Эмигрантский Париж хорошо знал Луцкого по его заботе о Тургеневской библиотеке, к деятельности которой в разное время оказались близки дорогие его сердцу люди — В.С. Гоц, С.А. Иванов, М.А. и Т.А. Осоргины, и в чье Правление он также входил в послевоенные годы[43].
8 августа 1977 г. Луцкого не стало. Похороны состоялись 11 августа 1977 г. на кладбище Bagneux[44].
Стихи Луцкий начал писать рано (многих его ранних текстов, бережно сохраненных дочерью, мы не приводим), и в течение долгой жизни написал их немало. Конечно, с годами он поэтически развивался, но что-то «вне переменчивых времен» оставалось и неизменным: высокий идеализм и детская непосредственность. Из этой нравственной, душевной незамутненности формировалось мировоззрение Луцкого — его масонство, отношение к Богу, эстетические реакции, пафос духовного изменения мира, вера в Добро, которую не поколебала в нем даже трагическая истории XX века. Будучи современником Сталина, и Гитлера, испытав превращения абстрактного зла в реальную силу человеческого унижения и уничтожения, он тем не менее остался верен благородным душевным порывам и служению Прекрасной Даме (один из своих докладов в ложе он назвал этим блоковским образом).
Будем откровенны, Луцкий не относится к числу поэтов, обладающих резкой, запоминающейся силой дарования. Это неоднократно подчеркивали его критики, ср., напр., в рецензии Ю. Терапиано на сборник стихов русских зарубежных поэтов «Эстафета» (Париж; Нью-Йорк, 1948) (Луцкий представлен здесь такими стихами, как «Приди ко мне, и ласковый и милый», «Старьевщик», «Мне сегодня грустно отчего-то», «Мне о любви не говорить, не петь»): «Луцкий менее индивидуален <по сравнению с В. Мамченко>. Его стихи музыкальны, в них есть и чувство, и мысль, и хорошие образы, но нет резко выраженного поэтического темперамента»[45]. Вероятно, сам поэт хорошо ощущал границы своего творческого дара, но вслед за М. Цетлиным (Амари) мог бы повторить: «Благословляю малый дар,/ Скупой огонь, возженный Богом,/ Его питает сердца жар…»[46].
Согретые этим «сердечным жаром», в стихах Луцкого встречаются несомненные удачи, пусть маленькие, но настоящие открытия, свидетельствующие о том, что он все же поэт, а не ловкий версификатор.
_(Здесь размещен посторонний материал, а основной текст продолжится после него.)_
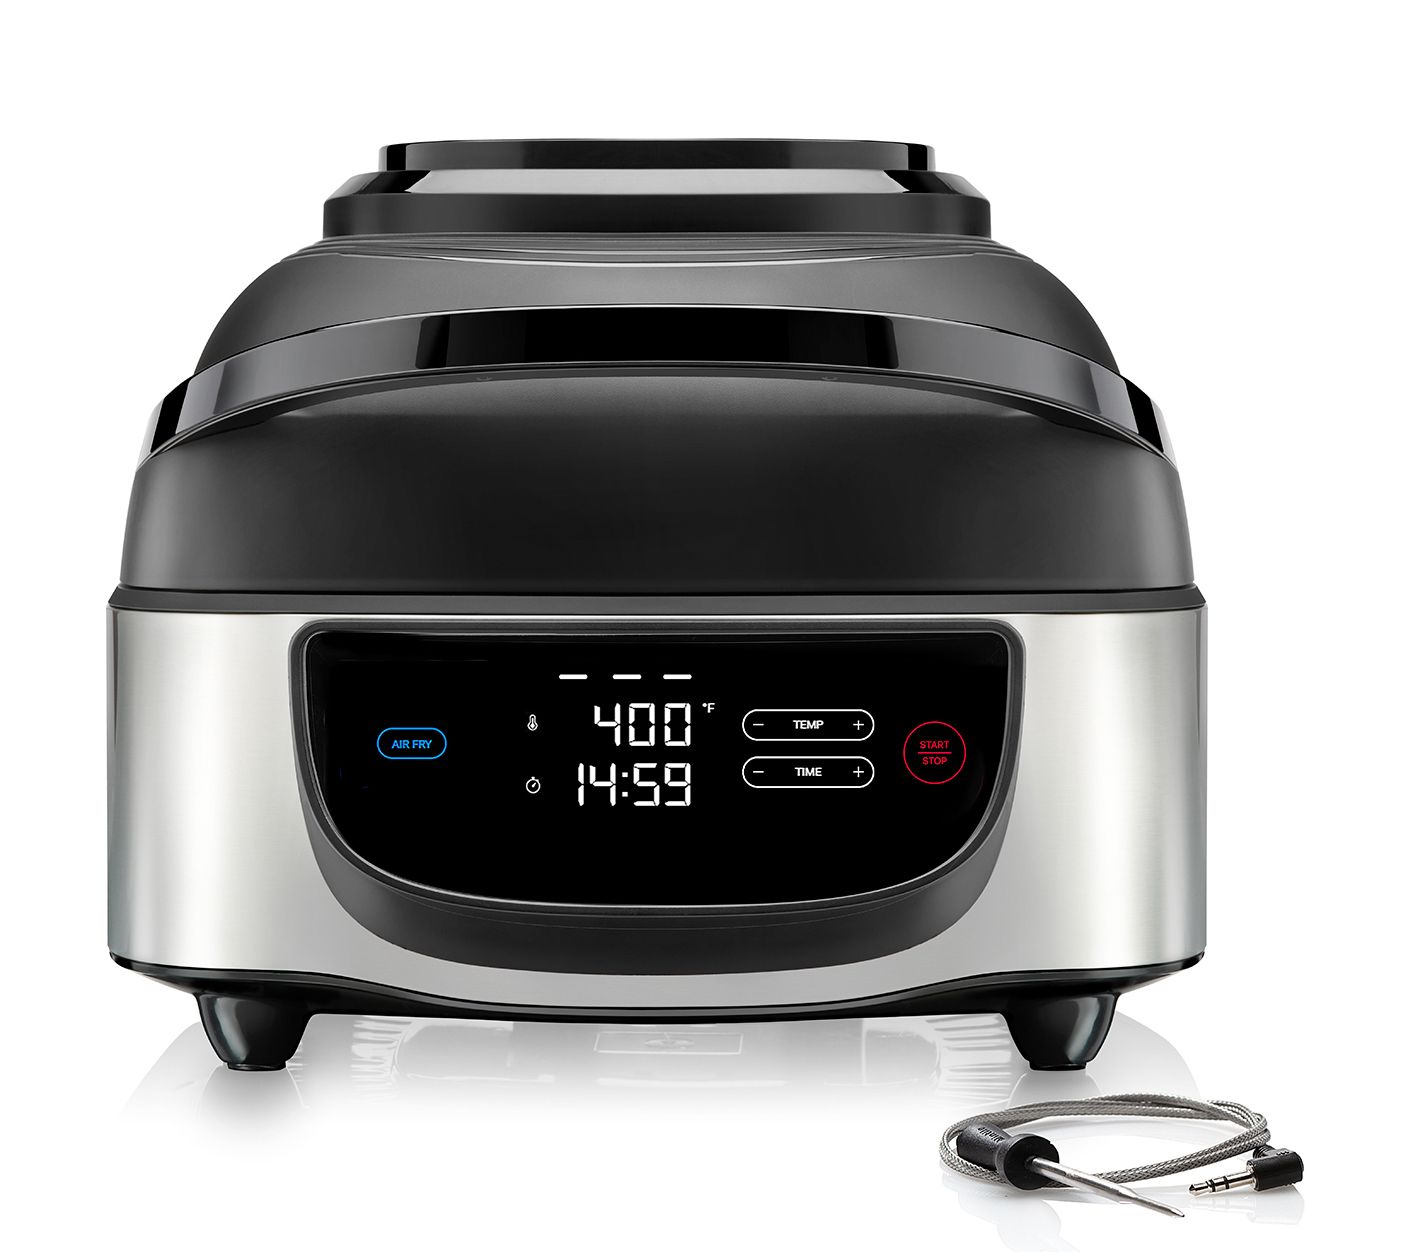 Ninja AG301 Foodi 5-in-1 Indoor Electric Grill with Air Fry, Roast, Bake &  Dehydrate - Programmable, Black/Silver

Его отношение к поэзии было по-рыцарски бескомпромиссным, честным и открытым. «Поэзия, — записал он как-то, — была для меня музыкой мира, источником наслаждения и мучений, вечным и неизменным спутником моим, и стихи я писал всю жизнь. Я не знаю, писал ли я их для других, я радовался, когда стихи мои нравились, — значит я этим принес людям радость и недаром я назвал Служением книгу моих стихов». Он несомненно слышал что-то свое в ритмическом гуле вселенной и в посещавших его видениях различал «темные рифмы земли, сочетанные с рифмами неба», как сказано в одном из его стихотворных набросков («Слушай мистический бред»).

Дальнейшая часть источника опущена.